Data excerpt:
-=-=-=-=-

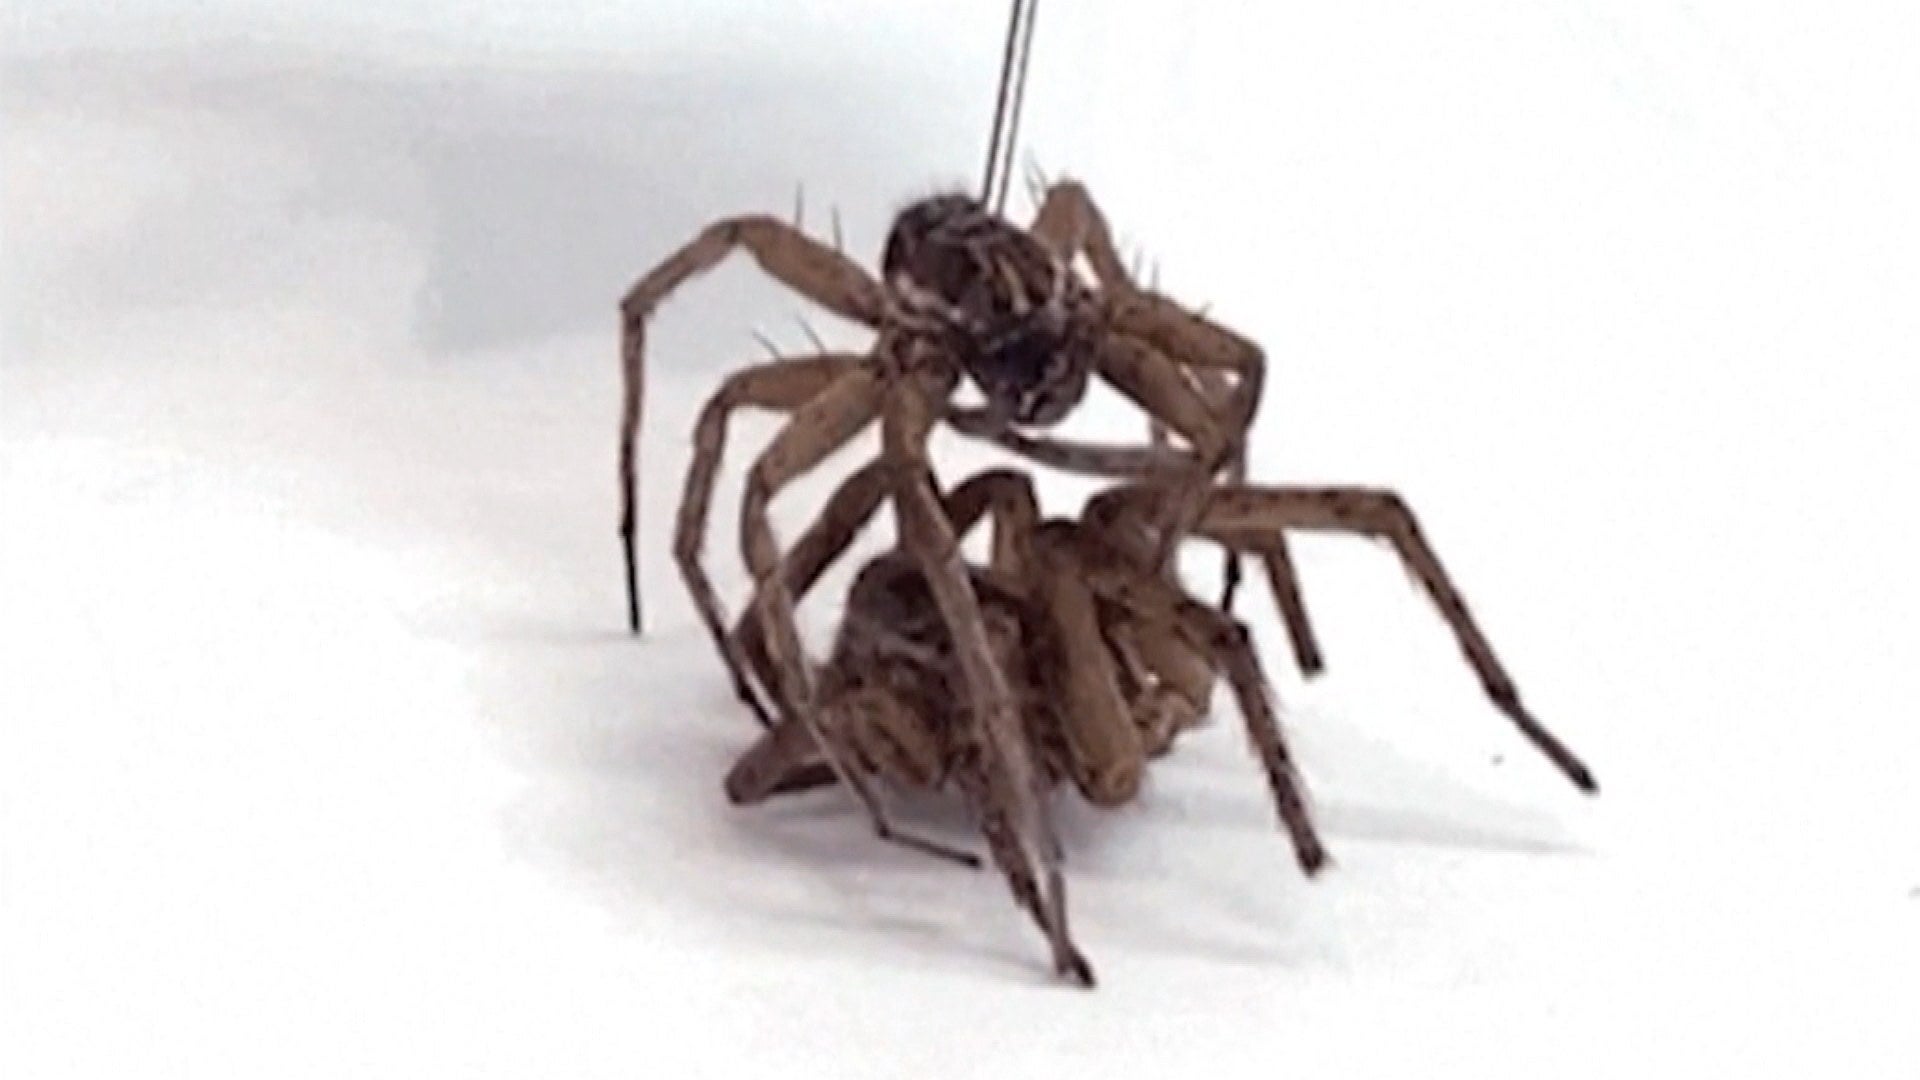 Engineers Discover That Dead Spiders Are Great at Gripping Things
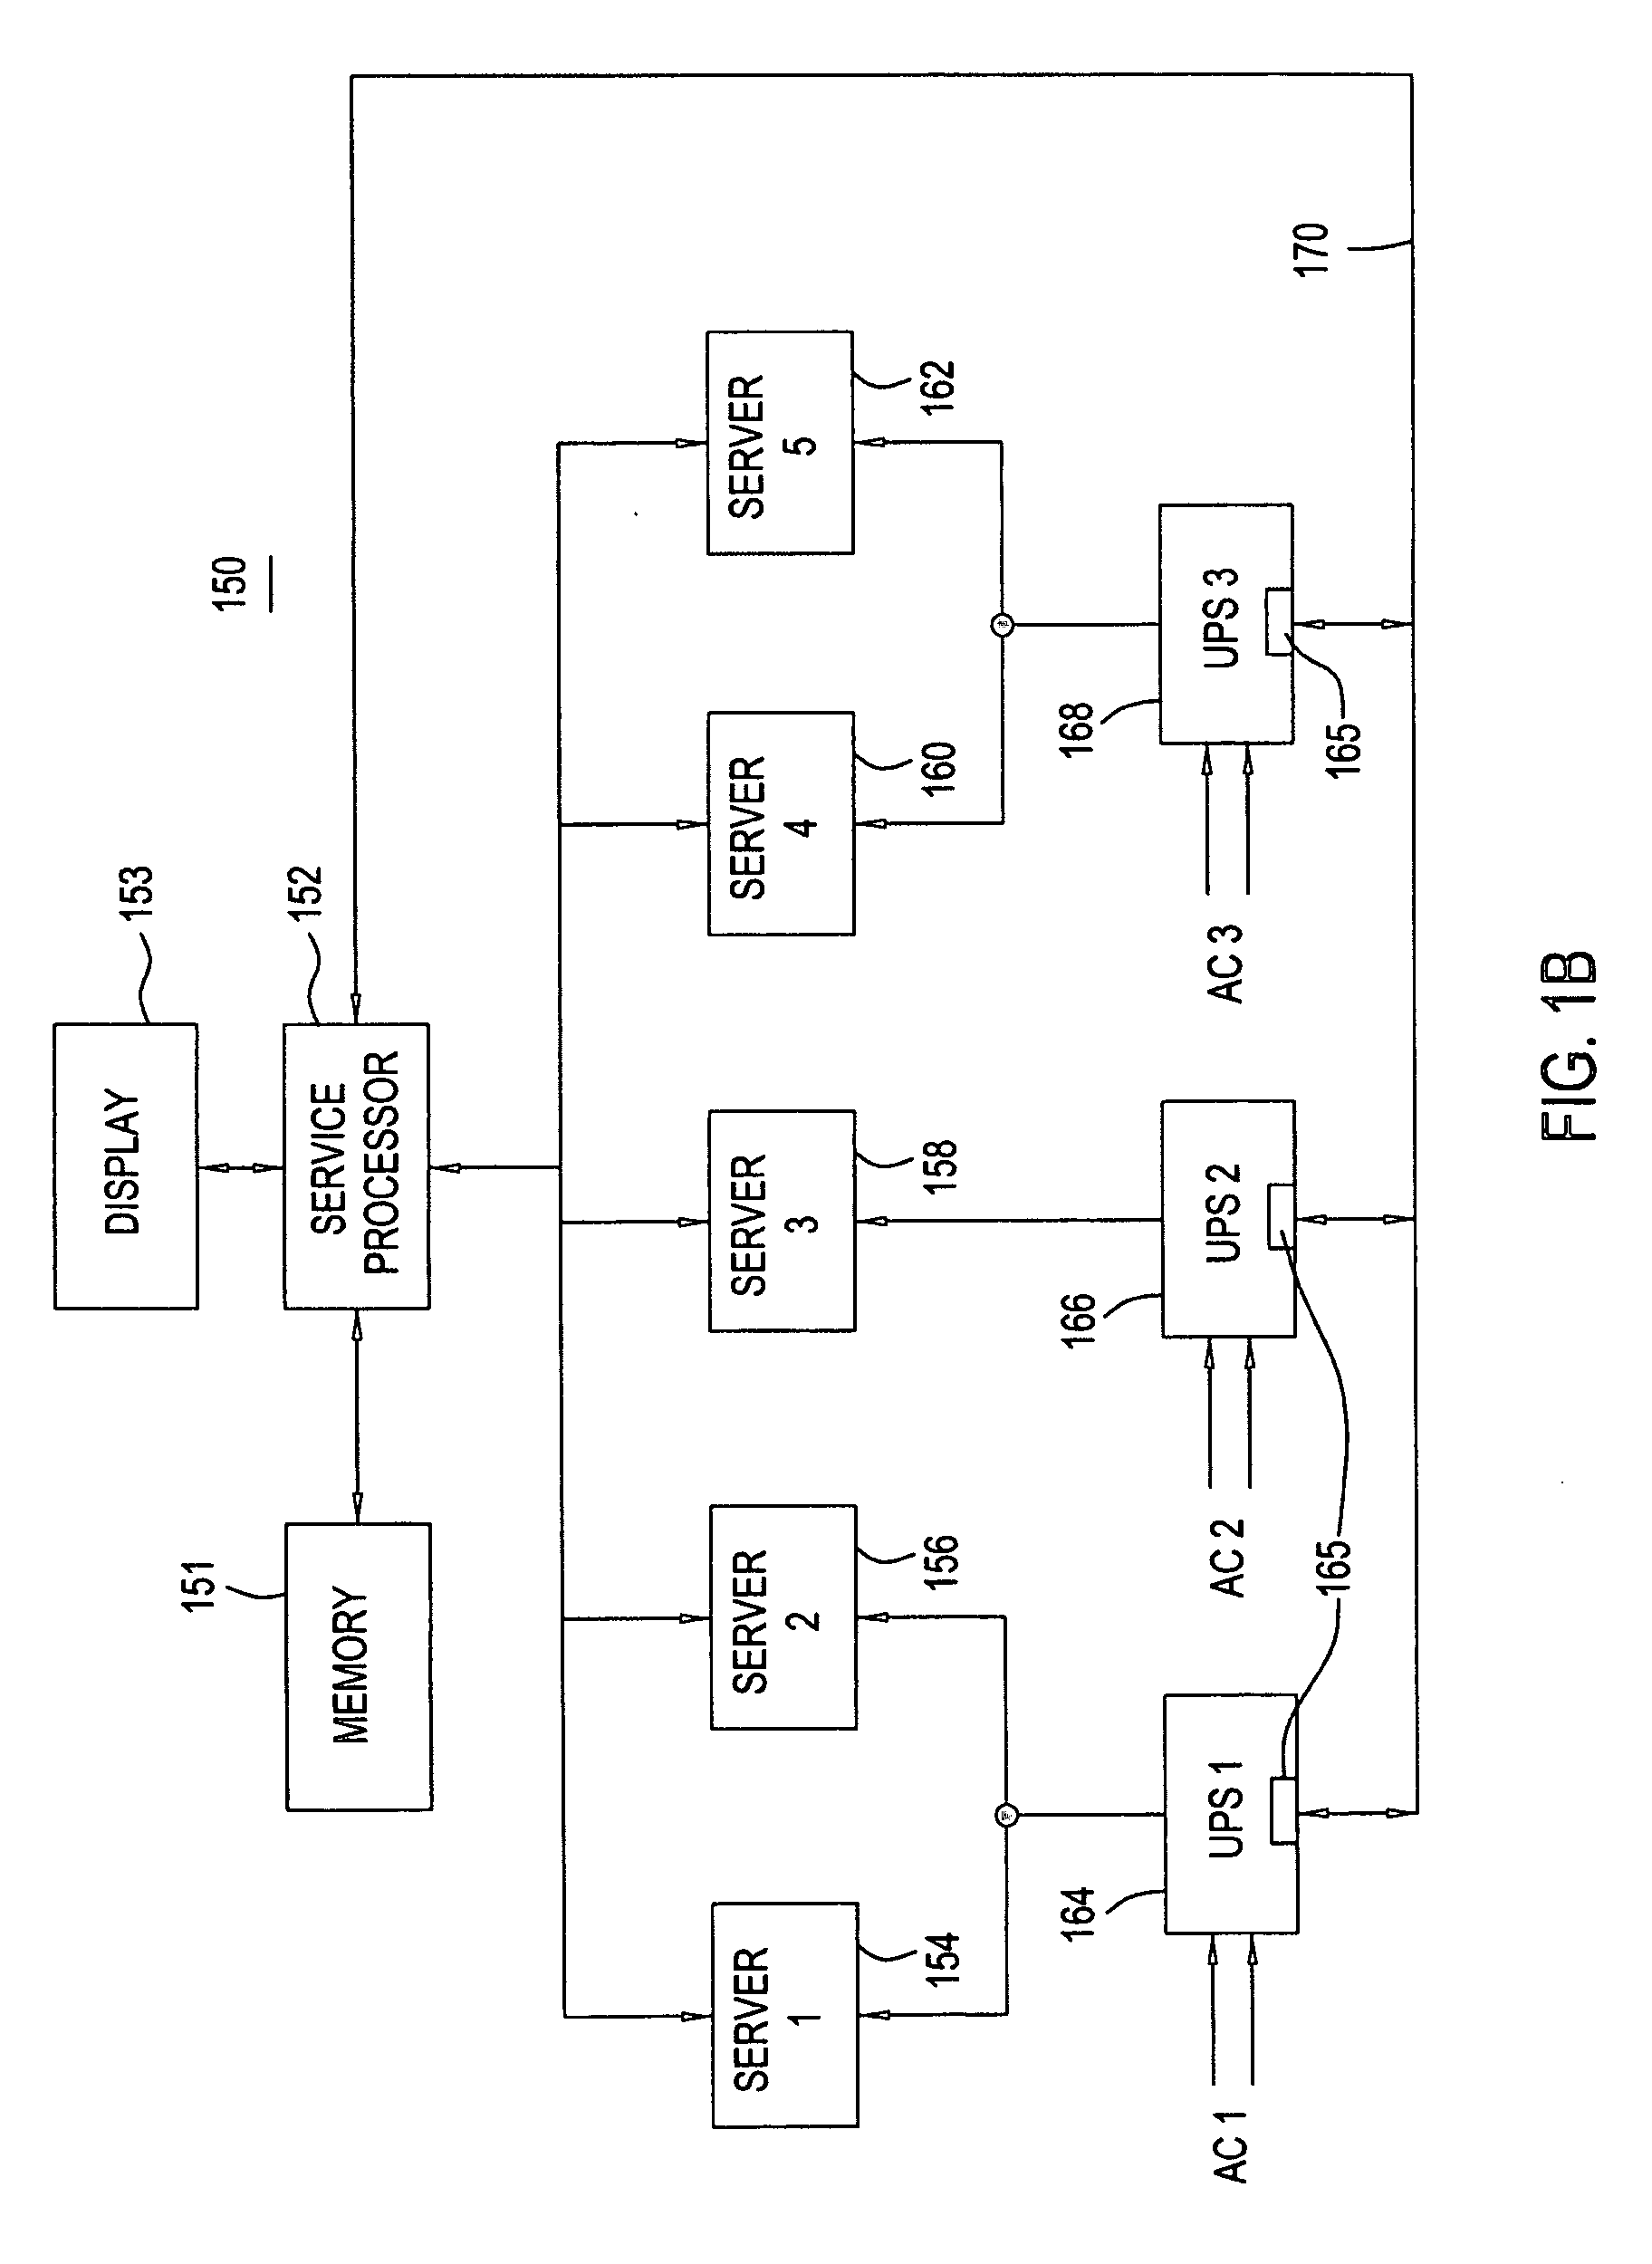 Method and apparatus for correlating UPS capacity to system power requirements
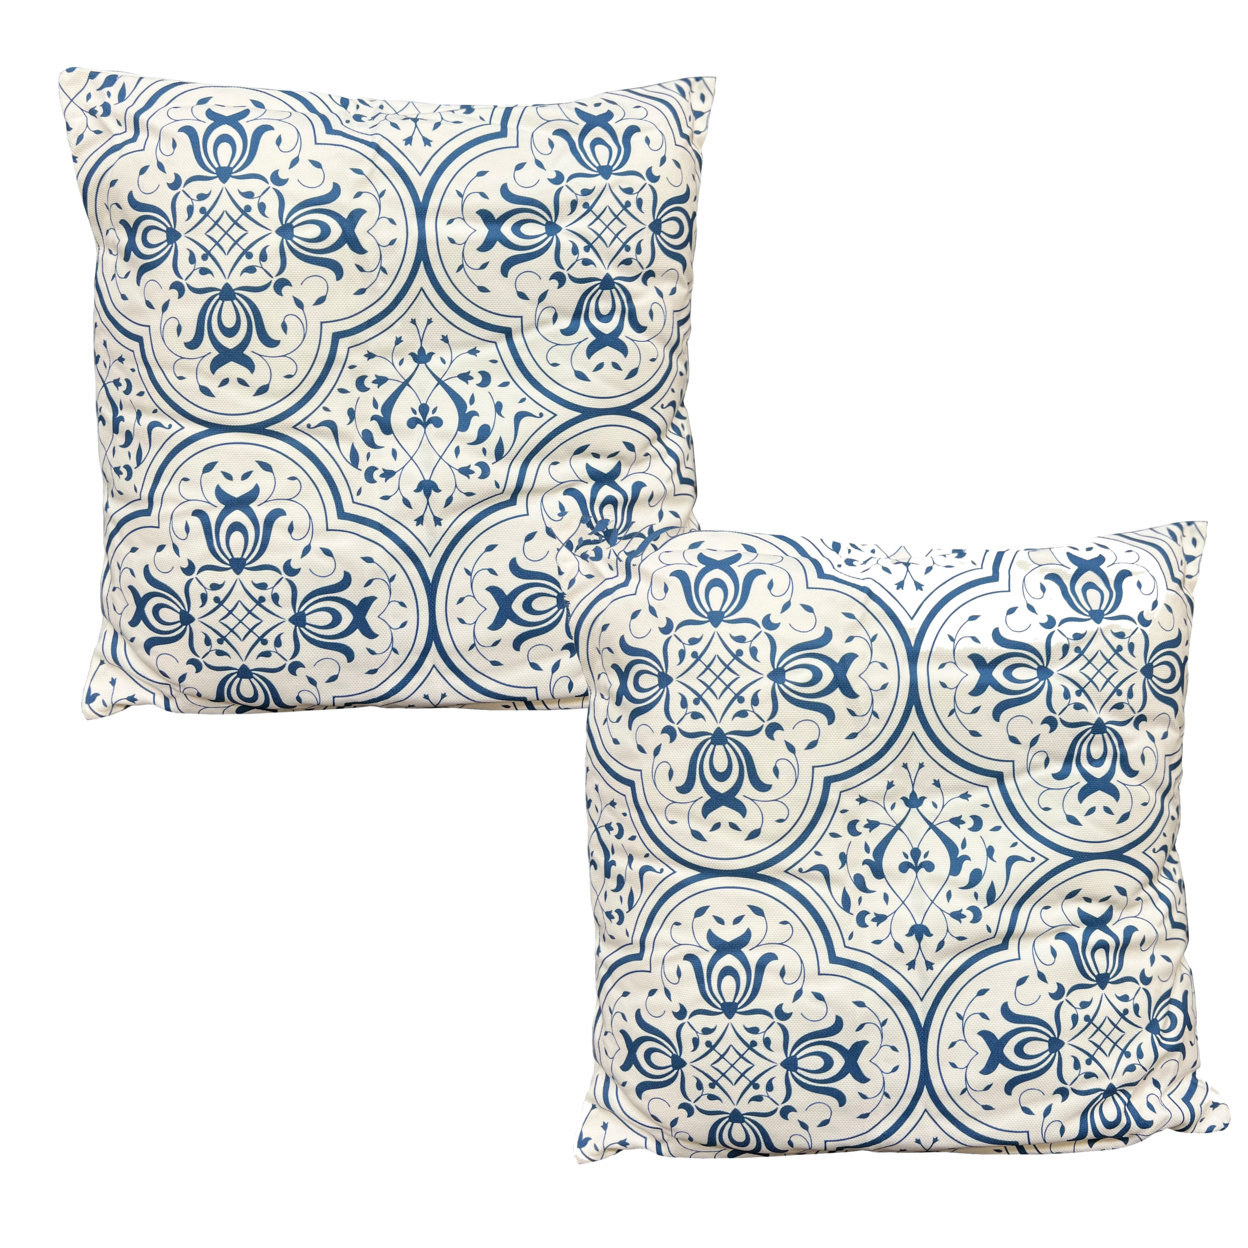 17 X 17 Inch Decorative Square Cotton Accent Throw Pillows, Classic Damask Print, Set Of 2, Blue And White

-=-=-=-=-

Description of the task:
Print all of the material exactly. Omit pictures.

Result for this task:
 Engineers Discover That Dead Spiders Are Great at Gripping Things
 Method and apparatus for correlating UPS capacity to system power requirements
 17 X 17 Inch Decorative Square Cotton Accent Throw Pillows, Classic Damask Print, Set Of 2, Blue And White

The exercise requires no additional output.